- Born: Seth Isaac Stephens-Davidowitz September 15, 1982 (age 43) Englewood, New Jersey
- Education: Stanford University Harvard University
- Known for: Research using Google Trends to study human behavior
- Scientific career
- Fields: Data science Economics
- Institutions: Google
- Thesis: Essays Using Google Data (2013)
- Doctoral advisor: Alberto Alesina
- Website: sethsd.com

= Seth Stephens-Davidowitz =

American data scientist and economist

Seth Isaac Stephens-Davidowitz (born September 15, 1982) is an American data scientist, economist, and author. He has worked as a New York Times op-ed contributor, a data scientist at Google, as well as a visiting lecturer at the Wharton School of the University of Pennsylvania. He has published research using Google Trends search data, as well as data from Wikipedia and Facebook, to gain real-time insights into people's thoughts and beliefs that they may be unwilling to admit publicly.

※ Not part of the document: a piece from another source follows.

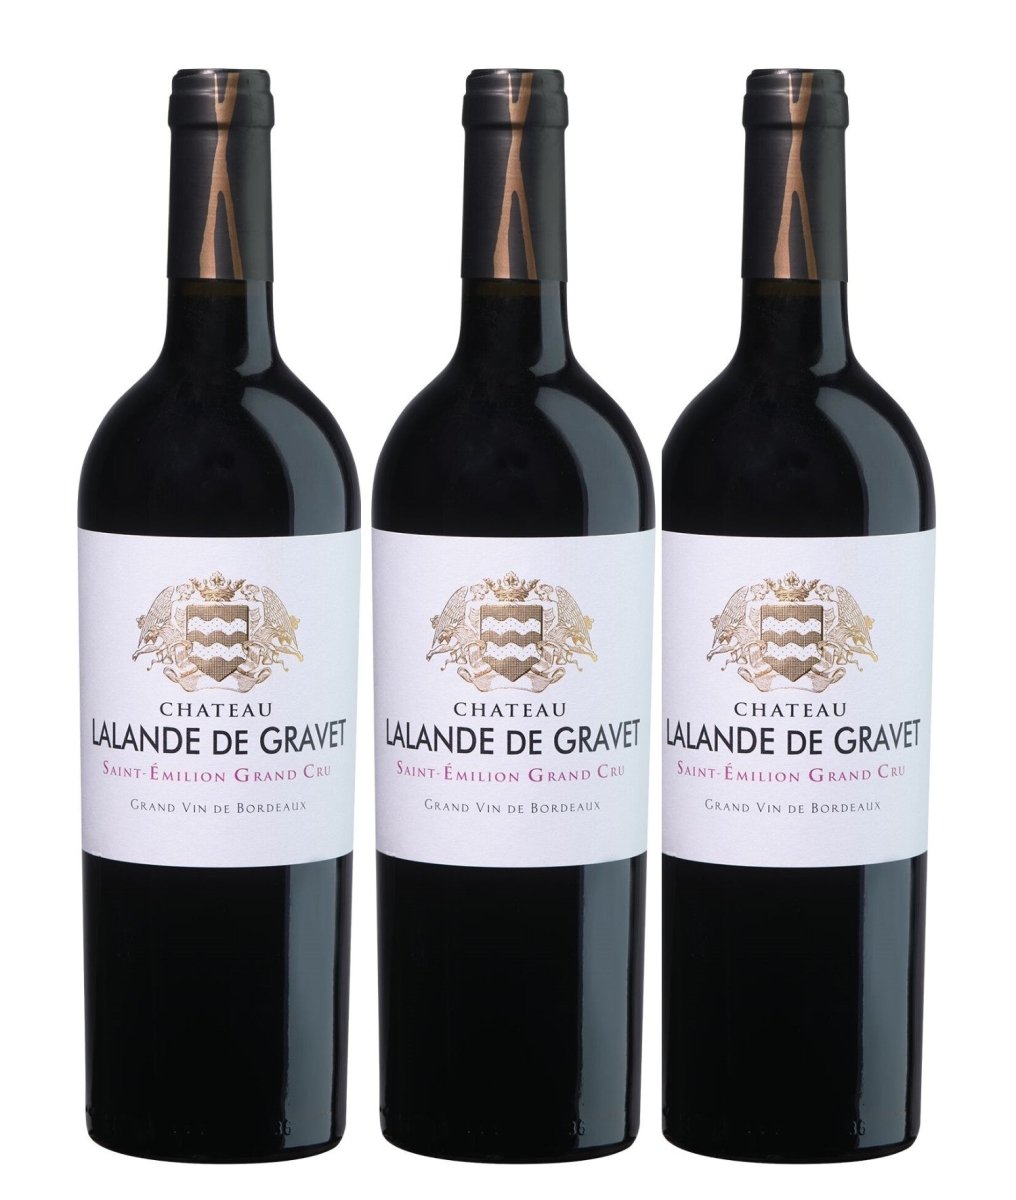 Domaines Alain Aubert Château Lalande de Gravet Saint-Emilion Grand Cru Rotwein Wein trocken Frankreich (3 Flaschen) - Versanel -

His first book Everybody Lies was published by HarperCollins in 2017. The book subsequently became a New York Times bestseller, and was named a book of the year by both PBS NewsHour and the Economist.

==Biography==
Stephens-Davidowitz was born on September 15, 1982, in Englewood, New Jersey into a Jewish family, son of Esther Davidowitz and Mitchell Stephens. He grew up in Alpine, New Jersey, and attended Tenafly High School in Tenafly, graduating in 1999. He went on to earn his B.A. in philosophy from Stanford University before enrolling at Harvard University, where he received a Ph.D. in economics in 2013.

==Everybody Lies==

Everybody Lies was published by HarperCollins in 2017. The book has received several reviews and other coverage, was a New York Times bestseller, and was named a book of the year by both PBS NewsHour and the Economist.

The overriding theme of the book is that people aren't as honest about their true natures when responding to standard questionnaires as they are when searching the internet, on the assumption that search is a private activity. Of particular note is the empirical chapter, Chapter 4: Digital Truth Serum, derived from extensive Big Data analysis of search engine search histories (primarily Google's) on sensitive subject matters such as prejudice, violence, and sexuality. The remainder of the book addresses the surrounding issues of methodology, epistemology, and moral philosophy.

In 2022, Stephens-Davidowitz published another book, Don't Trust Your Gut: Using Data to Get What You Really Want in Life.